While learning about Fourier Transform after Fourier Series, That we can calculate Fourier transform of periodic signals too. If we can take the Fourier transform of periodic signal too then my question is why we Fourier series if Fourier transform can be calculated for both periodic and aperiodic?
You can't take the Fourier transform of a periodic signal, the integral diverges for all multiples of the period.
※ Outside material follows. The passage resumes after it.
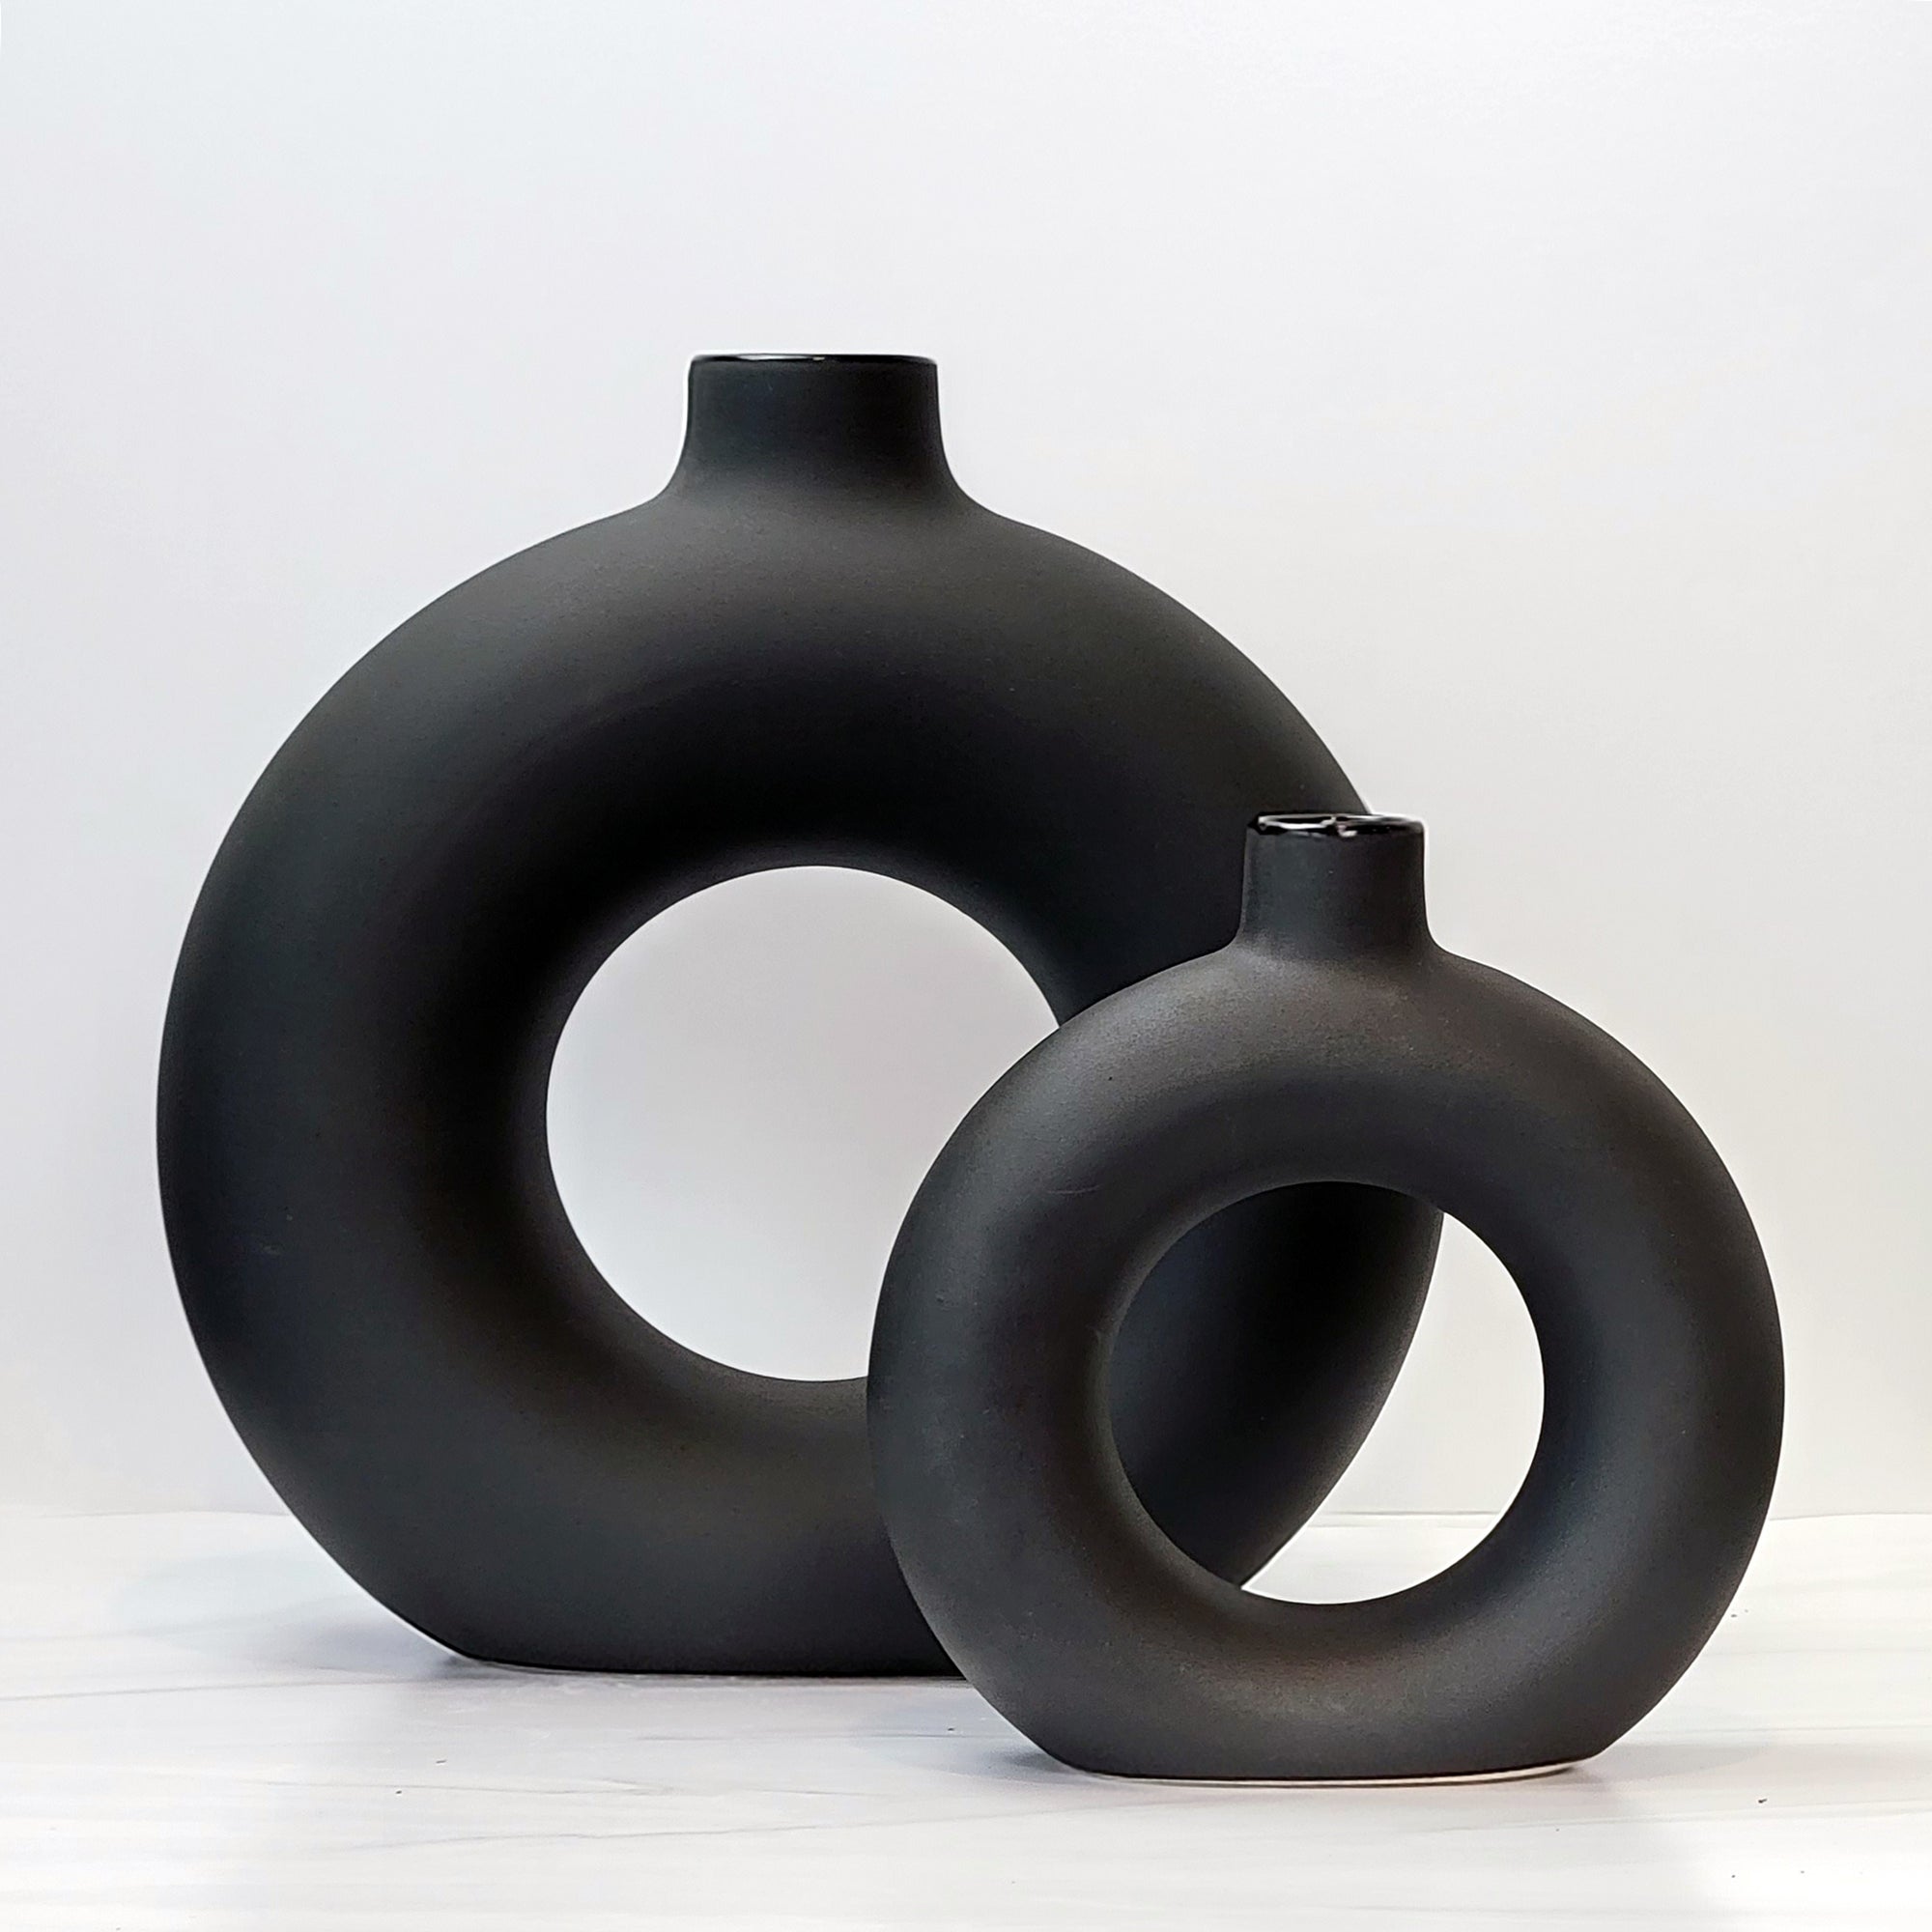 Large and small black doughnut-shaped Otto vases.

This can be handled by the theory of distributions, but the Fourier series is a better fit.
The difference between a series and a function is, algebraically speaking, the field over which you define the mapping, and important concepts like convergence and differentiability. Your choice of whether you're after the Fourier Series representation or the Fourier Transform doesn't depend on what you want to analyze, but what you want to do -- these are two separate concepts, and you shouldn't confuse them.
For example, in Physics you'll need the Fourier transform to convert a crystal grid from spatial domain to impulse domain -- although crystals are assumed to be perfectly periodic, having but a series won't cut it as soon as you want to do functional analysis on it.
On the other hand, in digital signal processing, you typically neither have infinite nor perfectly periodic signals, so your Discrete Fourier Transform (DFT) gives you a finite series.
The point here is that you write yourself:
While learning about Fourier Transform after Fourier Series
Keep learning. Sooner than later, you'll understand the significance of both concepts.
It's all the same thing. They are just different flavors based on signal properties to make the math work properly.
If a signal is periodic than its transform is discrete and vice versa. If the signal is aperiodic the transform is continuous and vice versa. So there are a total of four flavors
time frequency name cont. aperiodic cont. aperiodic Fourier Transform cont. periodic discrete aperiodic Fourier Series discrete aperiodic cont. periodic Discrete Fourier Transform discrete periodic discrete periodic Discrete Fourier Series or Discrete Time Fourier Transform
The difference in the formulas is simply due to the fact that you need summation for discrete signals and integration for continuous signals.
Fourier series and Fourier transform basically involve the decomposition of the signals in terms of sinusoidal (or complex exponential) components. With such decomposition, a signal is said to be represented in the frequency domain. Most signals of practical interest can be decomposed into a sum of sinusoidal components. For the class of periodic signals, such a decomposition is called the Fourier Series. For the class of finite energy signals the decomposition is called a Fourier Transform.